Free black people in the eastern United States became prominent before the solidification of chattel slavery in Virginia. According to genealogical records, some of the first ancestors of later communities categorized as free people of color in the eastern United States were free black people in Tidewater Virginia, such as Emanuel Driggus, John Graweere, Anthony Johnson, Gabriel Jacobs, and Emmanuel Cumbo (Cambow).

Free African-American communities formed around those who were able to obtain land grants on the edge of the expanding frontier, moving from Southampton County to Granville, to the interior of South Carolina, and later to Tennessee and Louisiana. Reports indicate attitudes towards these communities were kinder on the frontier, due to the need to rely on neighbors, low slave populations, and high land ownership by the free black community equalizing their status with white frontiersmen. In frontier counties such as Halifax, Edgecombe, and Granville, citizens would petition the government to repeal the specific taxes on free black people. Many of them would serve in the Revolutionary War, funding more land purchases. They would continuously emigrate and clear new lands due to persecution by newly settled whites, following the expanding frontier to maintain their place in society.

====Free Black settlements====
Free black people founded settlements on the frontier, such as Carthagena. Some of these settlements became used by the Underground Railroad, such as "Poke Patch" in Ohio. According to historical archives, these settlements operated as hubs for abolitionists and runaway slaves. A group of freed slaves known as the Randolph Freedpeople founded two settlements in Ohio,
Rumley and Rossville, as well as Israel Hill in Virginia.
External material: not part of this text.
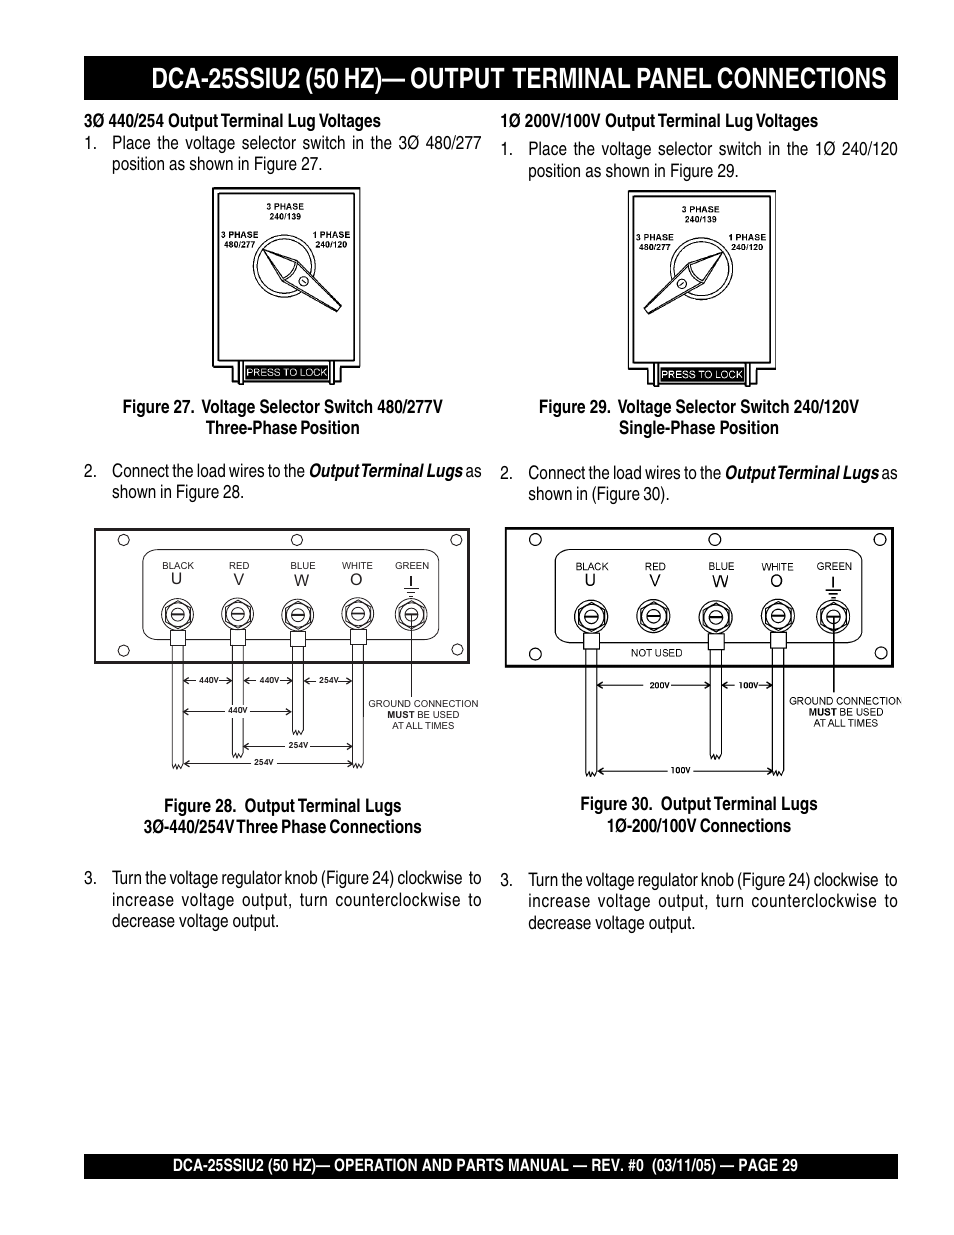 Multiquip MQ Power Whisperwatt 50 Hz Generator DCA-25SSIU2 User Manual |  Page 29 / 82 | Also for: DCA25SSIU2

Some other notable free Black settlements on the frontier were Free Hill, Pocahontas Island, Pee Pee, and Chubbtown.

====Population isolates====

Some lighter-skinned descendants of free Black people formed distinct communities later on, such as the Melungeons, Brass Ankles, Lumbee, Redbones, and Carmelites. Some of them sought separate schools from freedmen during the Jim Crow Era. The "old issue negroes" of Person County were able to obtain separate schools, while others, such as the Melungeons and Louisiana Redbones, were sometimes able to attend white schools. Over time, some of them began to pass as white. Scholar Renate Bartl concludes a subset of free Black people adopted an "Indian" identity to avoid classification as Black or "colored". She stated that of the free Black origin isolates with no documented tribal ancestry, most possessed no past tribal descent or identity, instead adopting an identity later on. Bartl adds that in some cases, educated members of a community will design history and traditions for their group to obscure African-American descent.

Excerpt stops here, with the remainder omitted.